For instance, parvalbumin-expressing bistratified cells targeting more distal dendrites, rather than the of the cell bodies of pyramidal neurons in the hippocampus, were not differentially active while the mice recalled previously established odor associations. This suggests that the type-specific gating and modulation of information flow at different sites across pyramidal neurons translates into different functional implications of the interneuron cell types.
"We are just beginning to understand the interplay of excitatory and inhibitory activity at different levels, from general network states such as awake, rest, sleep to complex integration of information during spatial navigation," Forro said.
"With our study we aimed to add a piece of the puzzle showing that during complex behavior with navigation interneuron cell types might be recruited differentially and thereby play different roles and might represent distinct targets during mental disorders or in the creation of artificial neural networks. It will be of great interest to see how these cell types are contributing to activity patterns underlying other memories and even more complex natural behaviors to reveal what the general mechanisms of information processing in the hippocampus are."
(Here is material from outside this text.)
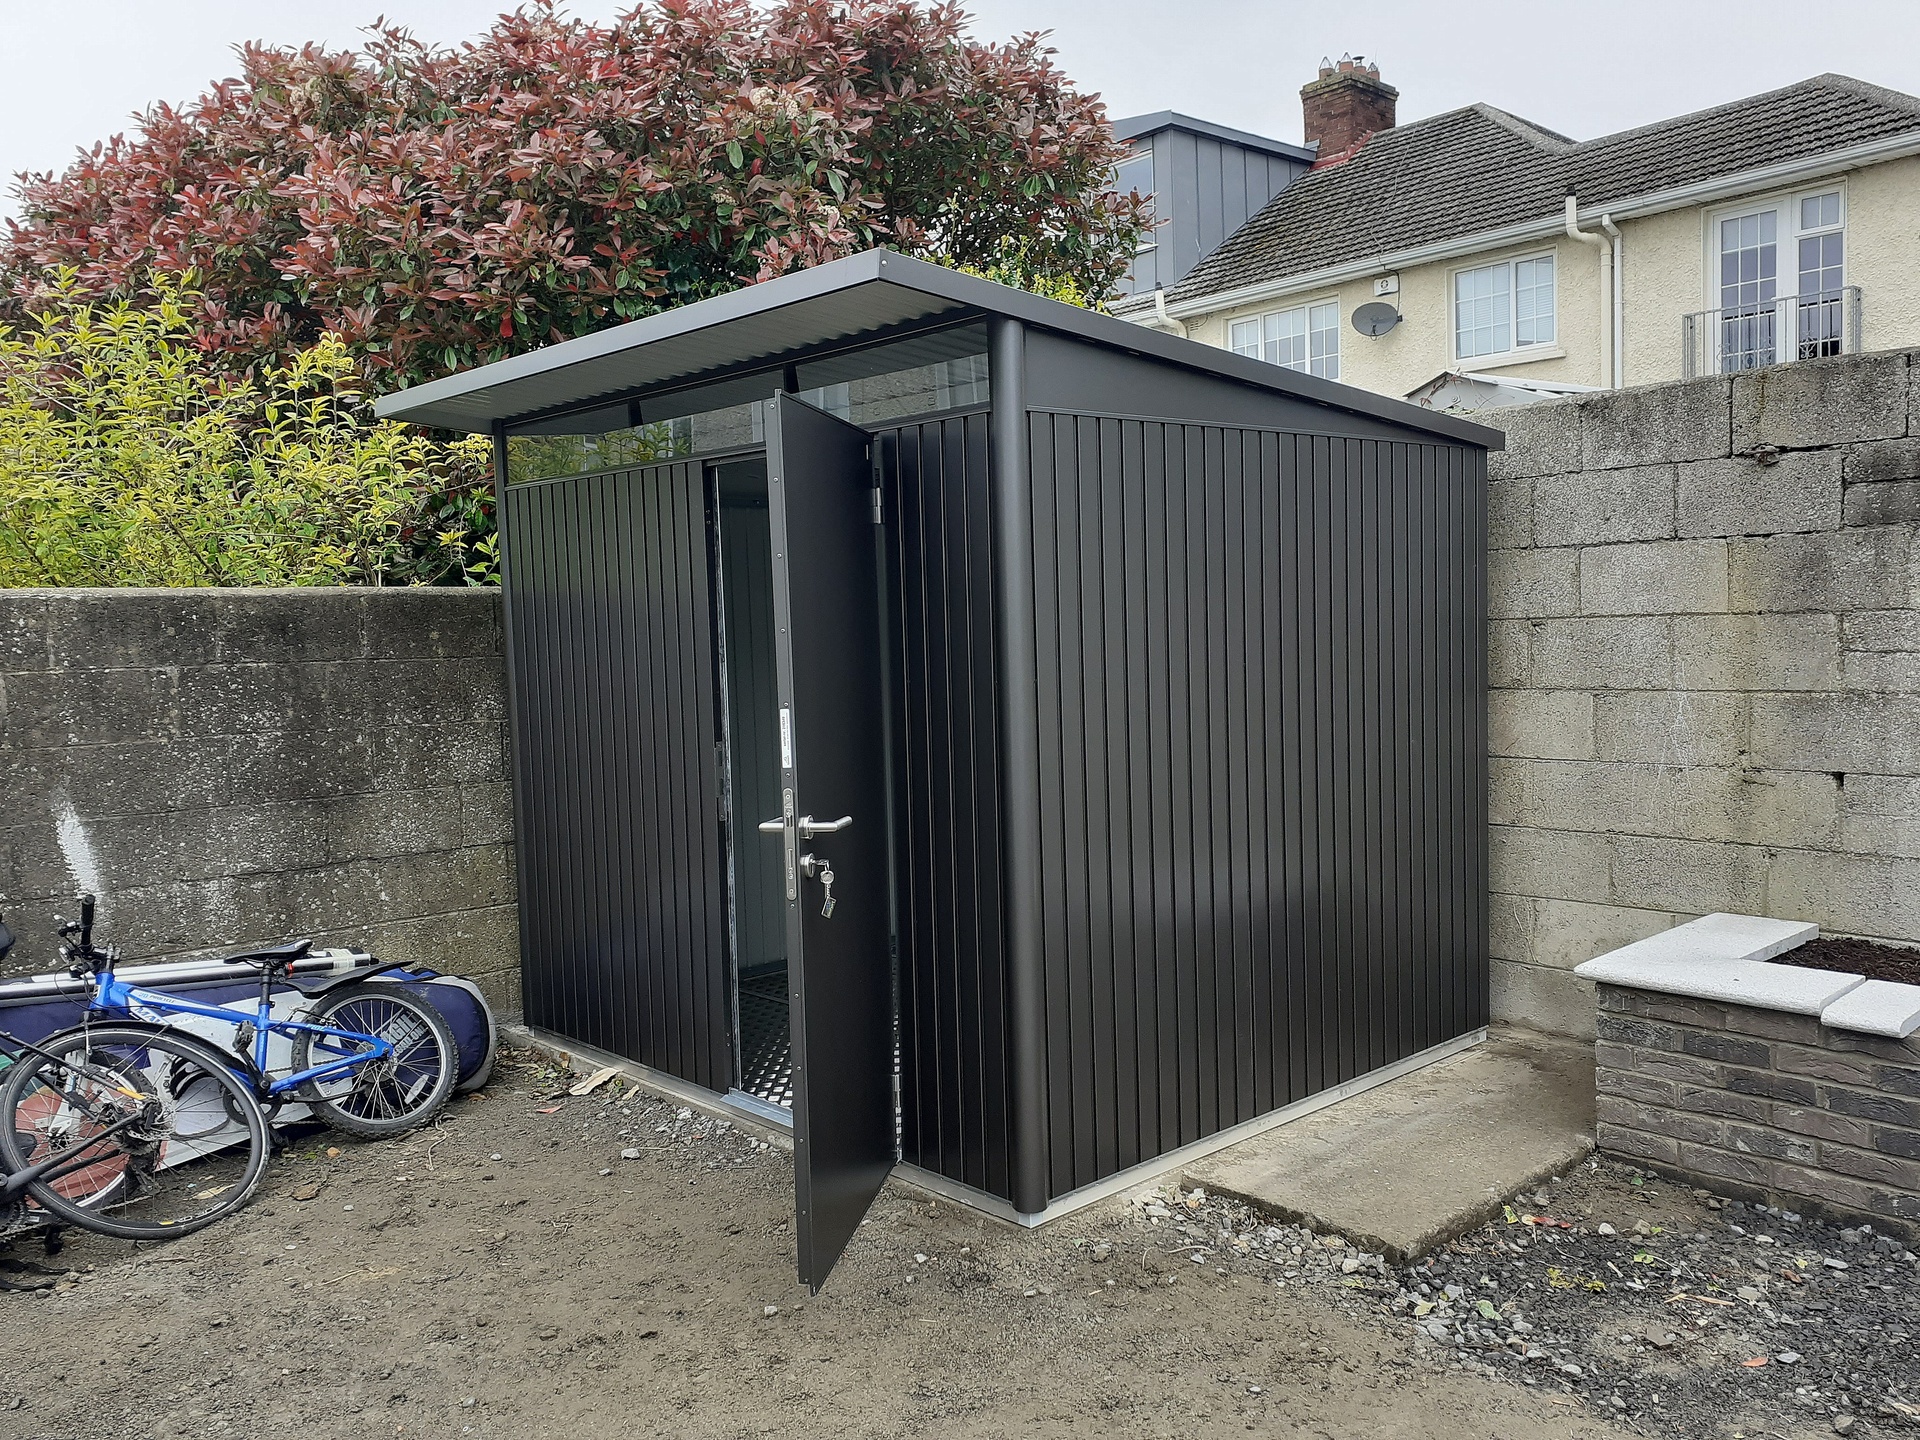 Biohort AvantGarde A6 Garden Shed in metallic dark grey, modern secure & weatherproof  garden storage - supplied + fitted in Raheny, Dublin 5 | Owen Chubb Garden Landscapers, Tel 087-2306128.

The recent findings gathered by Forro and his colleagues contribute to ongoing efforts aimed at better understanding the role of the many different types of interneurons in the hippocampus. In the future, they could pave the way for further in-depth examinations using juxta-cellular techniques and other advanced recording and imaging methods.
"The juxta-cellular technique is a powerful method to relate the activity of individual neurons to their identity and is now being further utilized in Professor Klausberger's lab in Vienna to reveal differential contribution of cell types to decision making in the prefrontal cortex and during communications between different brain areas," Forro added. "In the lab of Professor Ciocchi in Bern we will also continue employing this technique in a virtual set up to discover distinct cell type contributions to emotional memories."
More information: Thomas Forro et al, Differential behavior-related activity of distinct hippocampal interneuron types during odor-associated spatial navigation, Neuron (2023). DOI: 10.1016/j.neuron.2023.05.007.